## TRY IT
Give back exactly the lines that start at the one containing "Close up of surprised young man’s face." and run to the end of the material, leaving out the pictures.

## SUPPLIED DATA

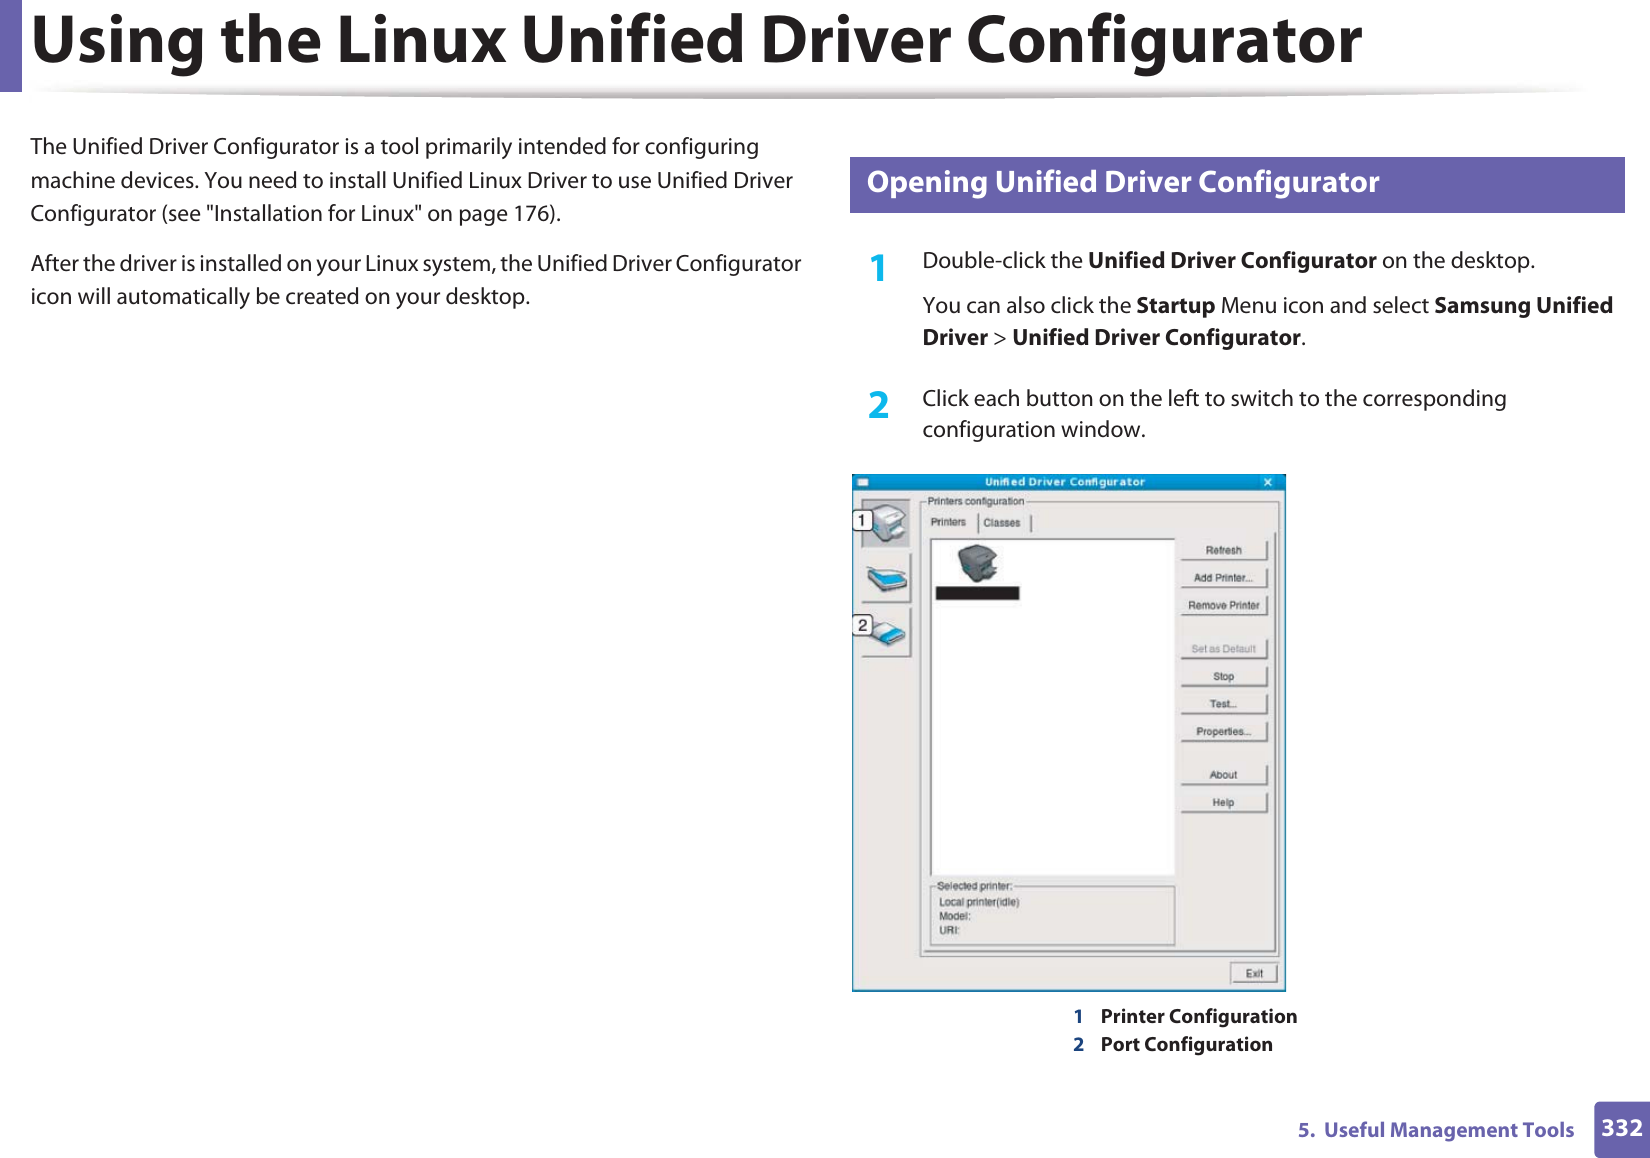 3325.  Useful Management ToolsUsing the Linux Unified Driver ConfiguratorThe Unified Driver Configurator is a tool primarily intended for configuring machine devices. You need to install Unified Linux Driver to use Unified Driver Configurator (see &quot;Installation for Linux&quot; on page 176).After the driver is installed on your Linux system, the Unified Driver Configurator icon will automatically be created on your desktop.11 Opening Unified Driver Configurator1Double-click the Unified Driver Configurator on the desktop.You can also click the Startup Menu icon and select Samsung Unified Driver &gt; Unified Driver Configurator.2  Click each button on the left to switch to the corresponding configuration window.1Printer Configuration 2Port Configuration 
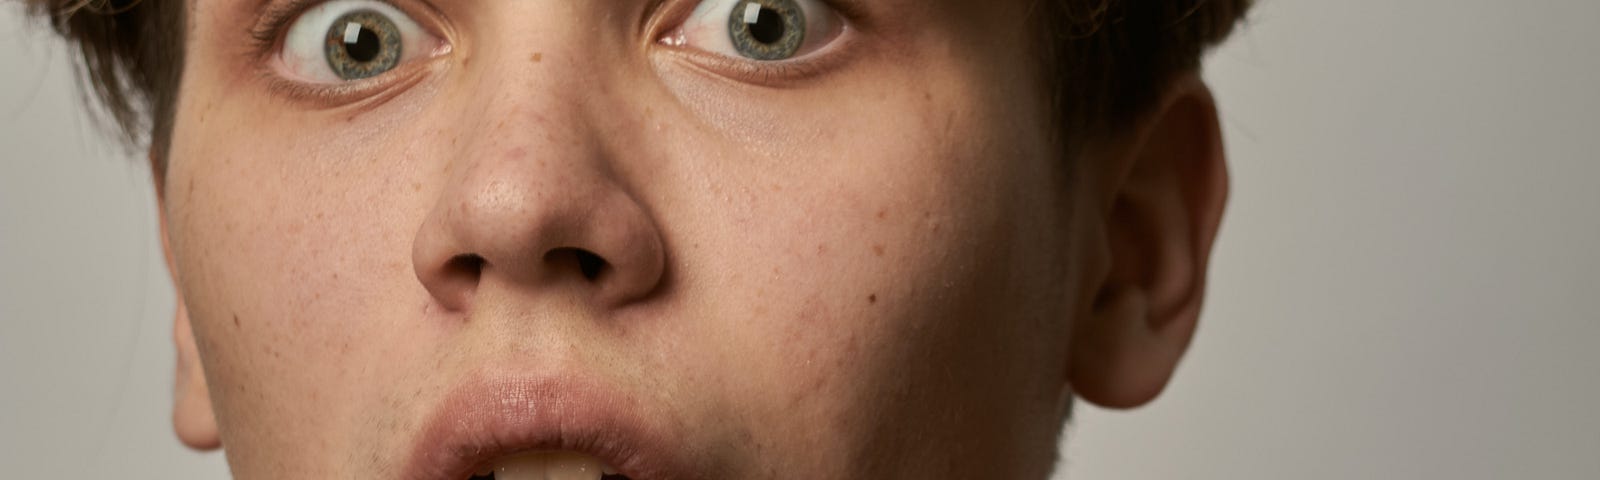 Close up of surprised young man’s face.
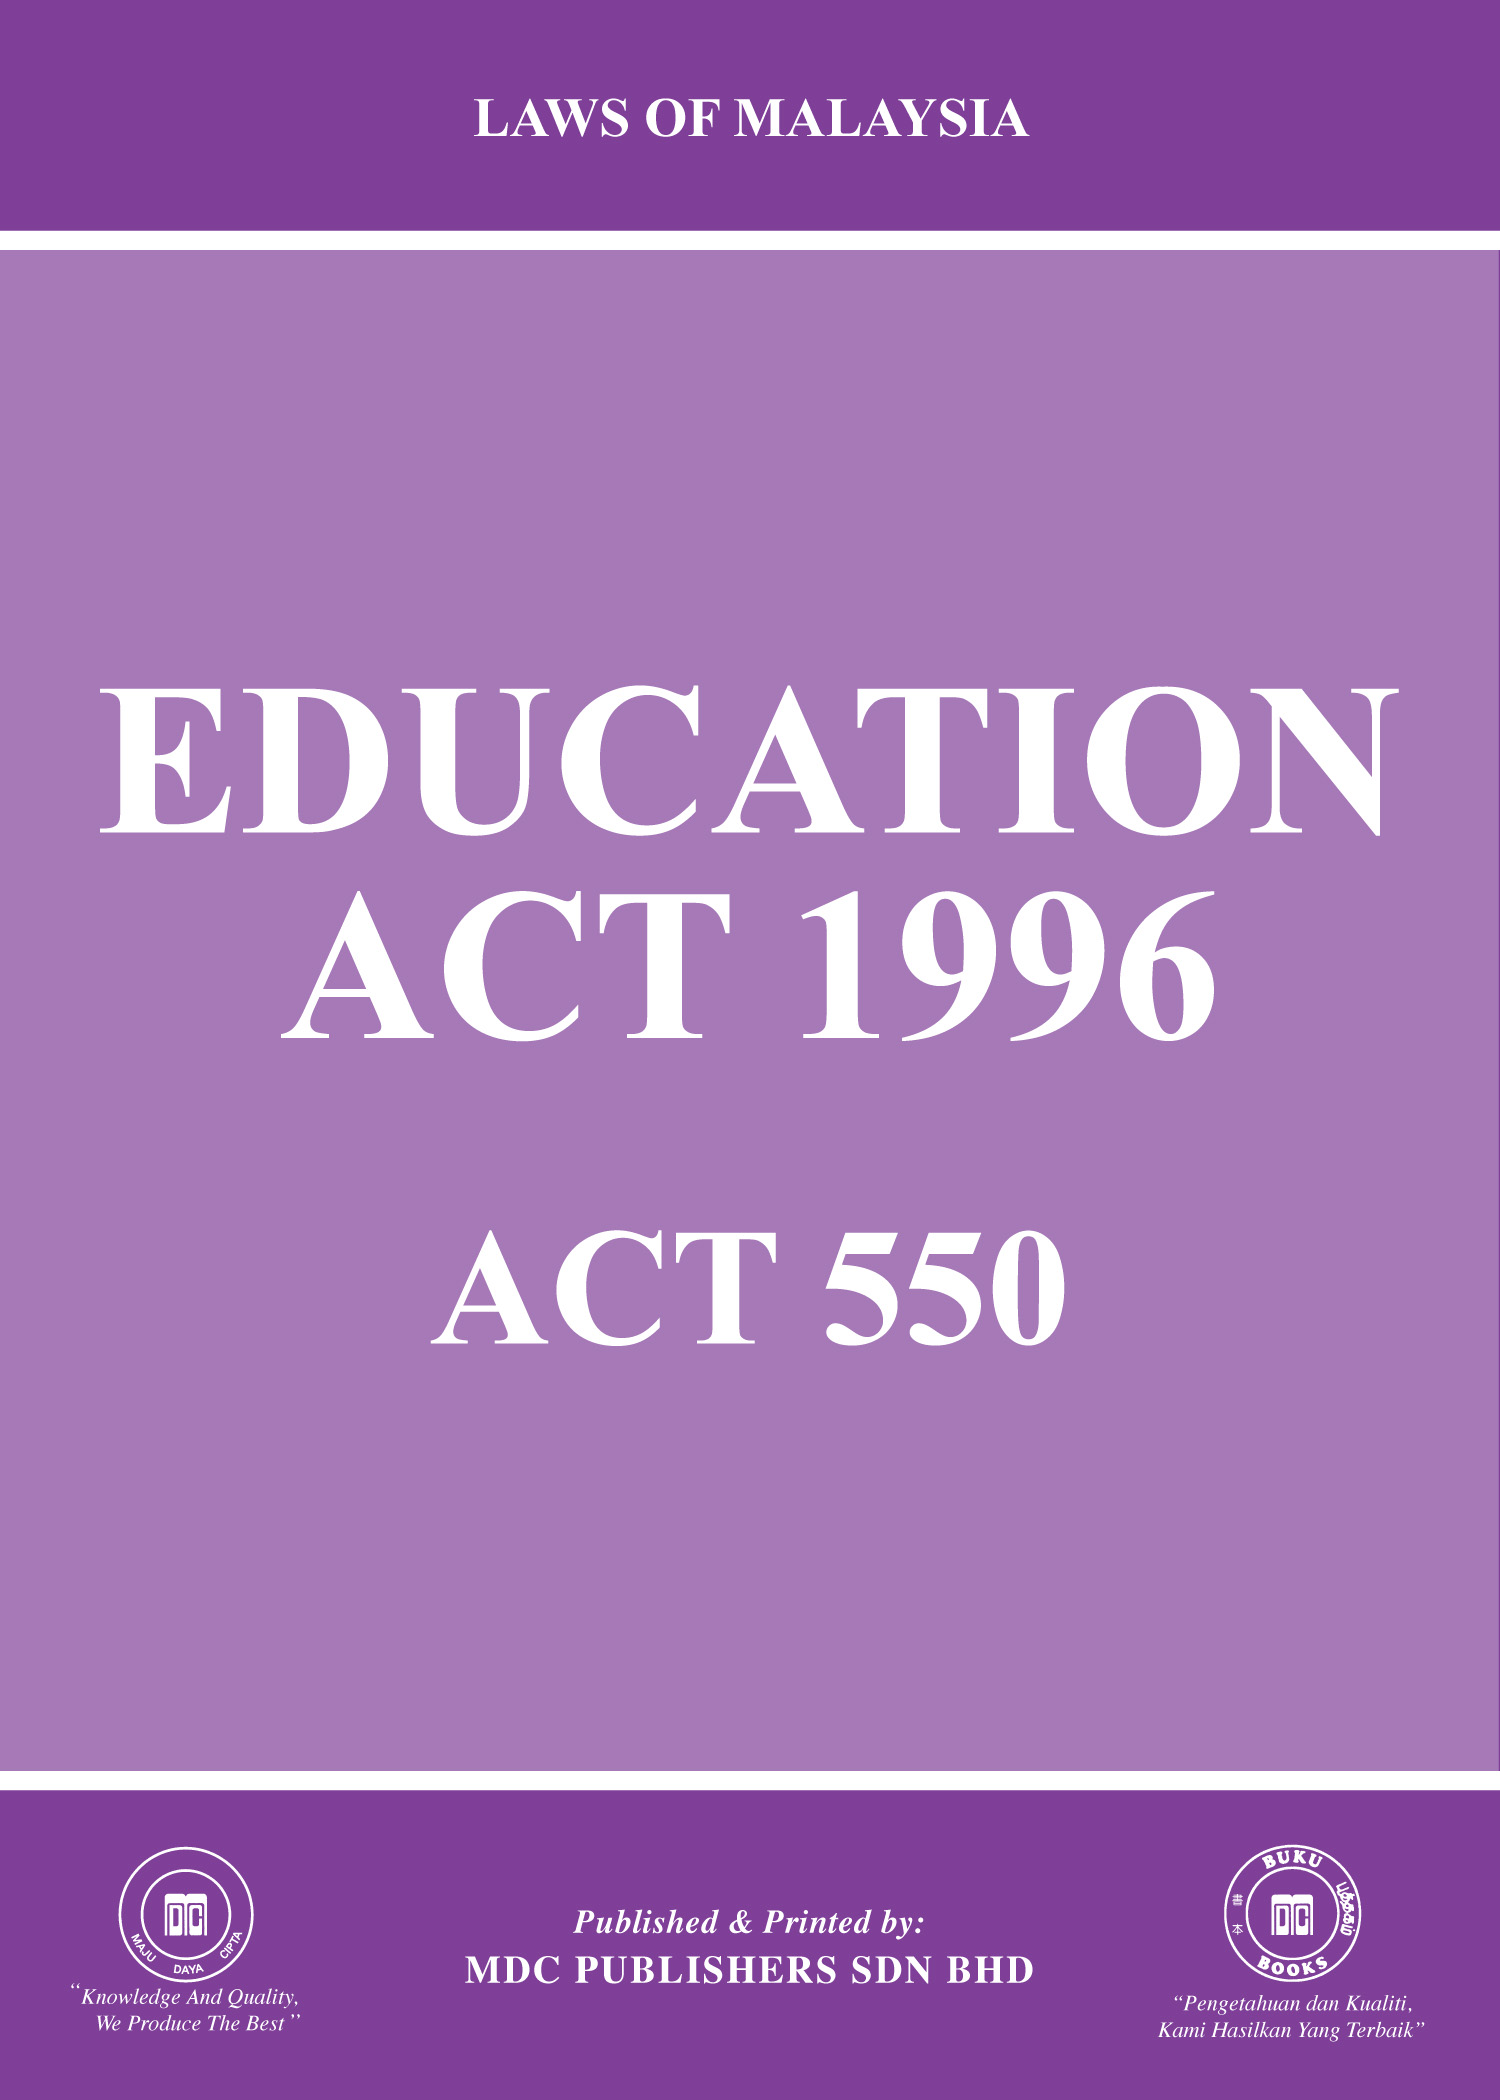 how to cite education act 1996

## ANSWER SPACE
 Close up of surprised young man’s face.
 how to cite education act 1996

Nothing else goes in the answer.